For Vjosa Osmani, the Speaker of the Kosovo Assembly, it was unimaginable that her party, the Democratic League of Kosovo, LDK, would vote in favour of extinguishing its partnership with Vetevendosje only 51 days after the two parties formed a coalition government. “I never believed that it would come to this, very frankly,” she told BIRN’s televised show Jeta ne Kosove.
Osmani, who did not support breaking the LDK-Vetevendosje coalition on March 25, criticised her party for causing the downfall of the previous government when it did. “Ideally, my party would never have organised the motion in the midst of a pandemic,” she said.
For Osmani, who was LDK’s prime ministerial candidate during the October 6 elections, the circumstances in which Avdullah Hoti’s government was formed are “worrying” for Kosovo’s democracy, noting that President Hashim Thaci was directly involved in lobbying to secure the votes for the government.
NISMA MP Haxhi Shala stated in the Kosovo Assembly that his vote in favour of the formation of the Hoti Government, which was approved by a majority of one, was secured following a visit from the president the evening prior to the vote being taken.

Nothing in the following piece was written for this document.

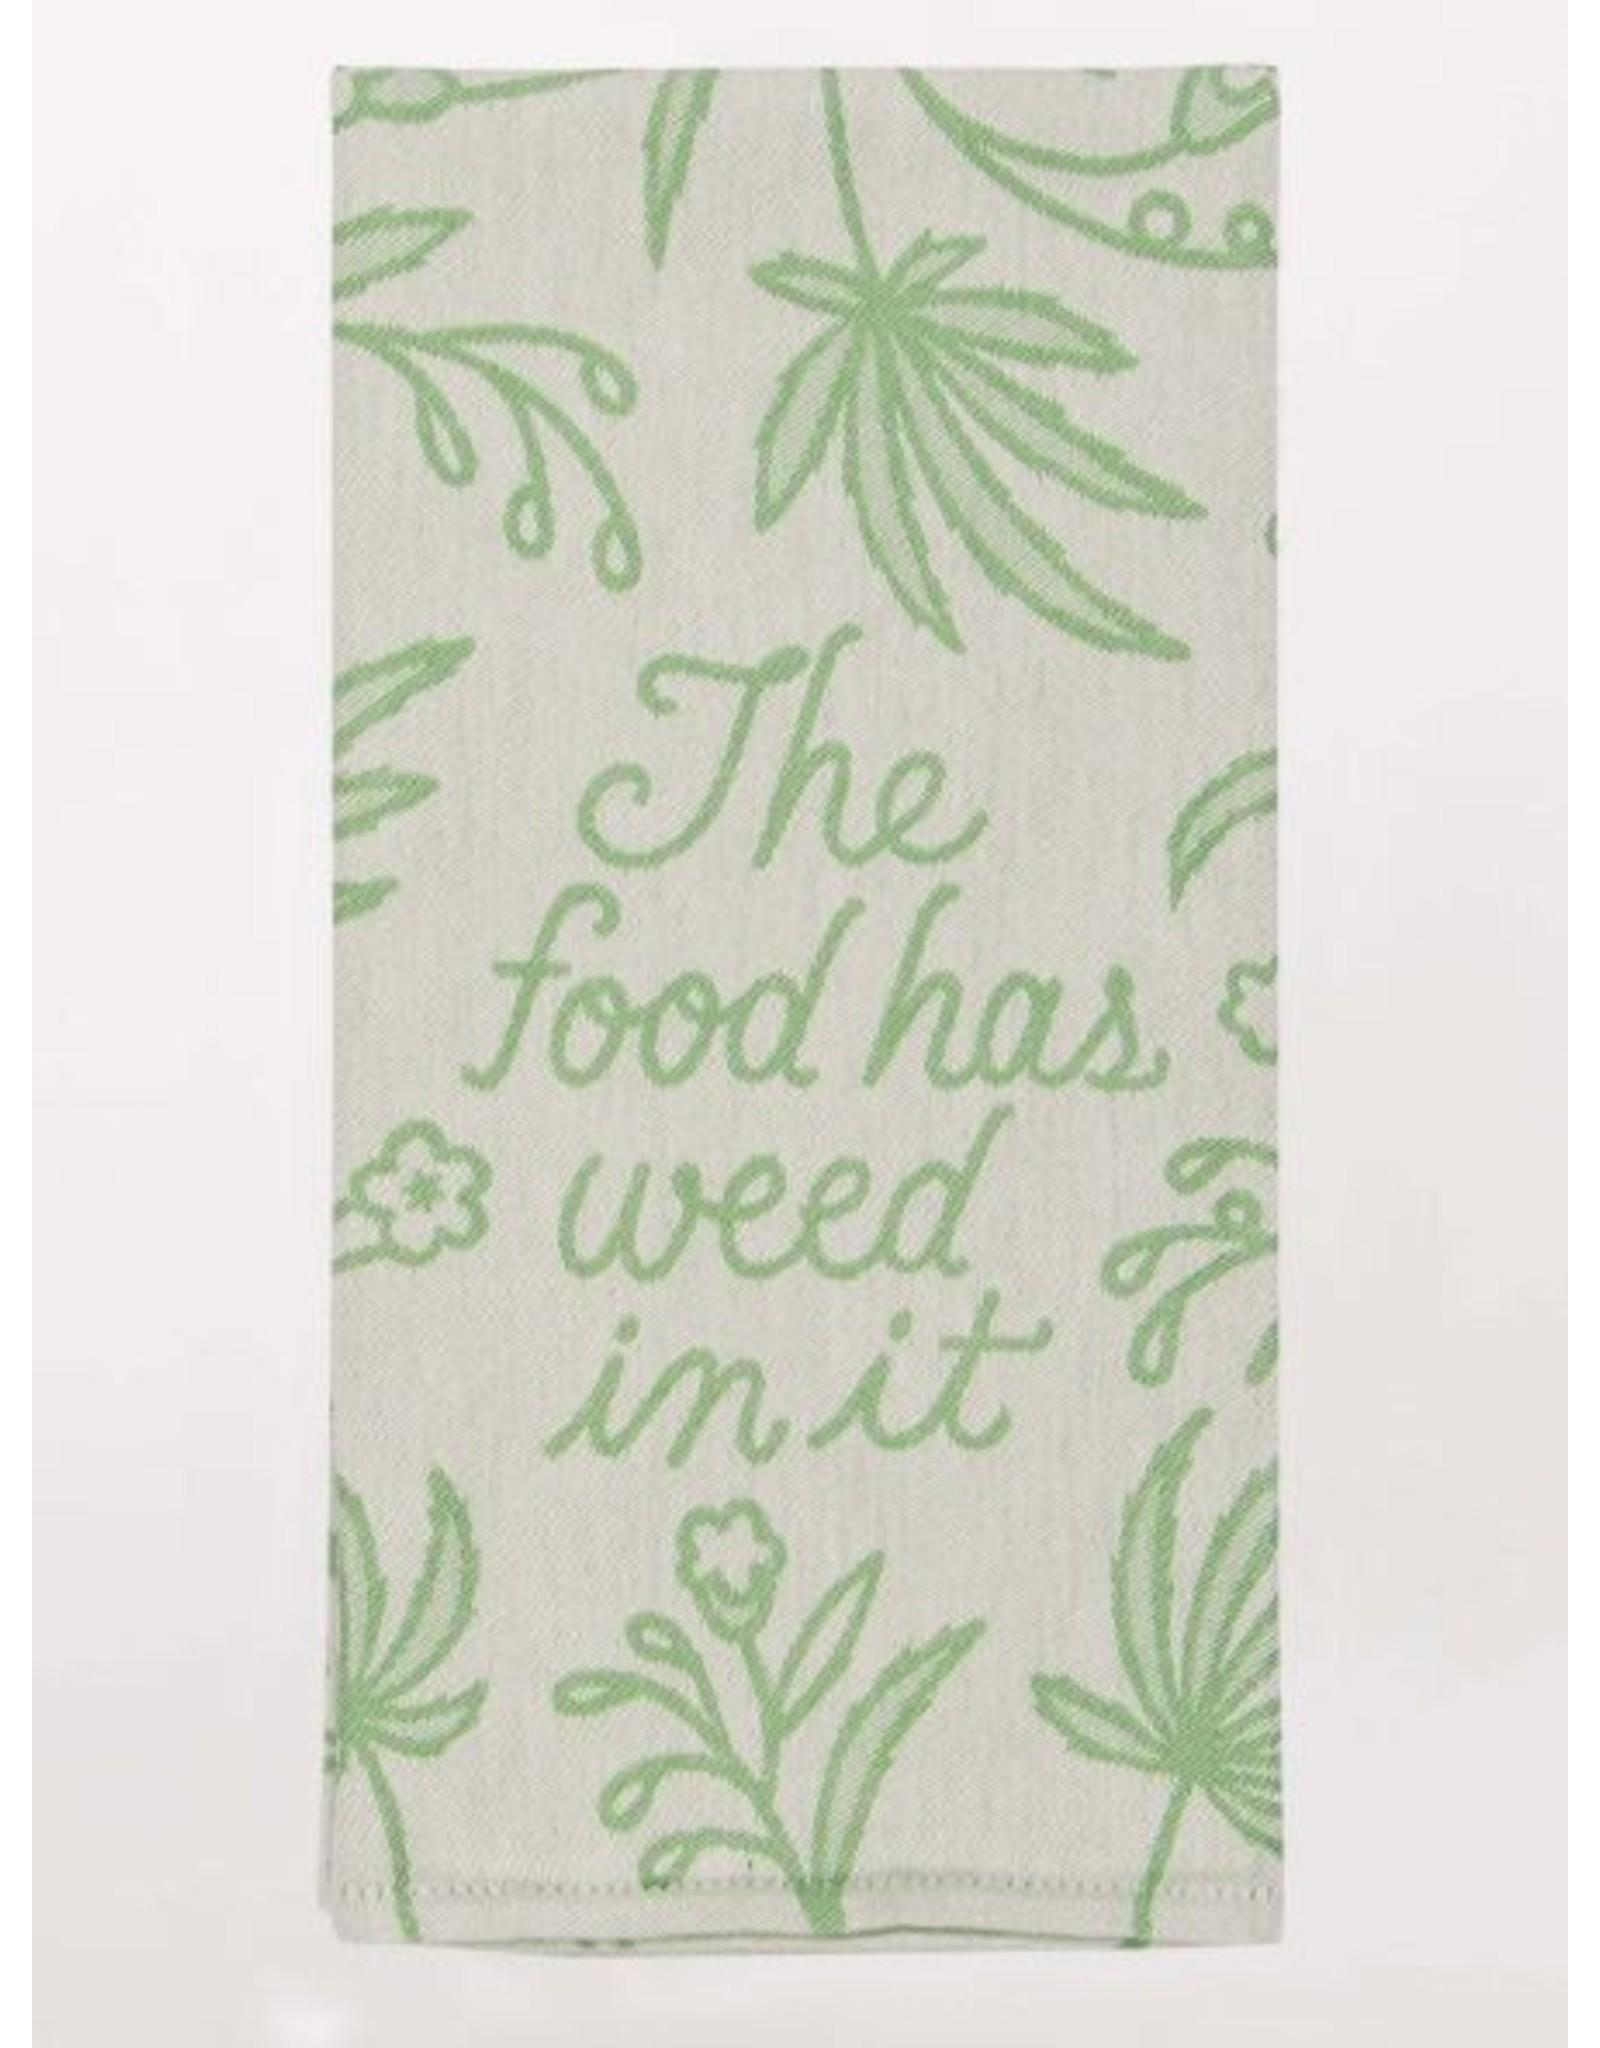 BQ Dish Towel - Food has Weed

“In an ideal world, no government would be approved in which the 61st vote is secured by President Thaci, contrary to his constitutional duties,” Osmani said. “His duty is to represent the unity of the people.”
Osmani was surprised that LDK changed its position on the implementation of reciprocal measures with Serbia and plans for vetting the judiciary, as the party had unanimously voted to include these issues as part of the party’s programme in the 2019 election campaign. “For me, the issue of reciprocity was fundamental since we had put that in the [election] programme and wanted nothing more than to be equal with Serbia,” she said.
During the interview, Osmani said that she will actively resist any ‘final deal’ reached with Serbia that she feels harms Kosovo’s interest.
“I will be an obstacle for any agreement that is not in the interest of Kosovo, any decision that is not in the interest of citizens,” she said, adding that one thing should be clear to President Thaci if he pursues such a deal: “Vjosa is not the only obstacle, Kosovo citizens will be, too.”
For the most-voted woman in Kosovo political history, the results of the election should always be reflected in the make-up of the country’s executive bodies. “There cannot be one team who wins the votes and another who makes the decisions,” Osmani claimed.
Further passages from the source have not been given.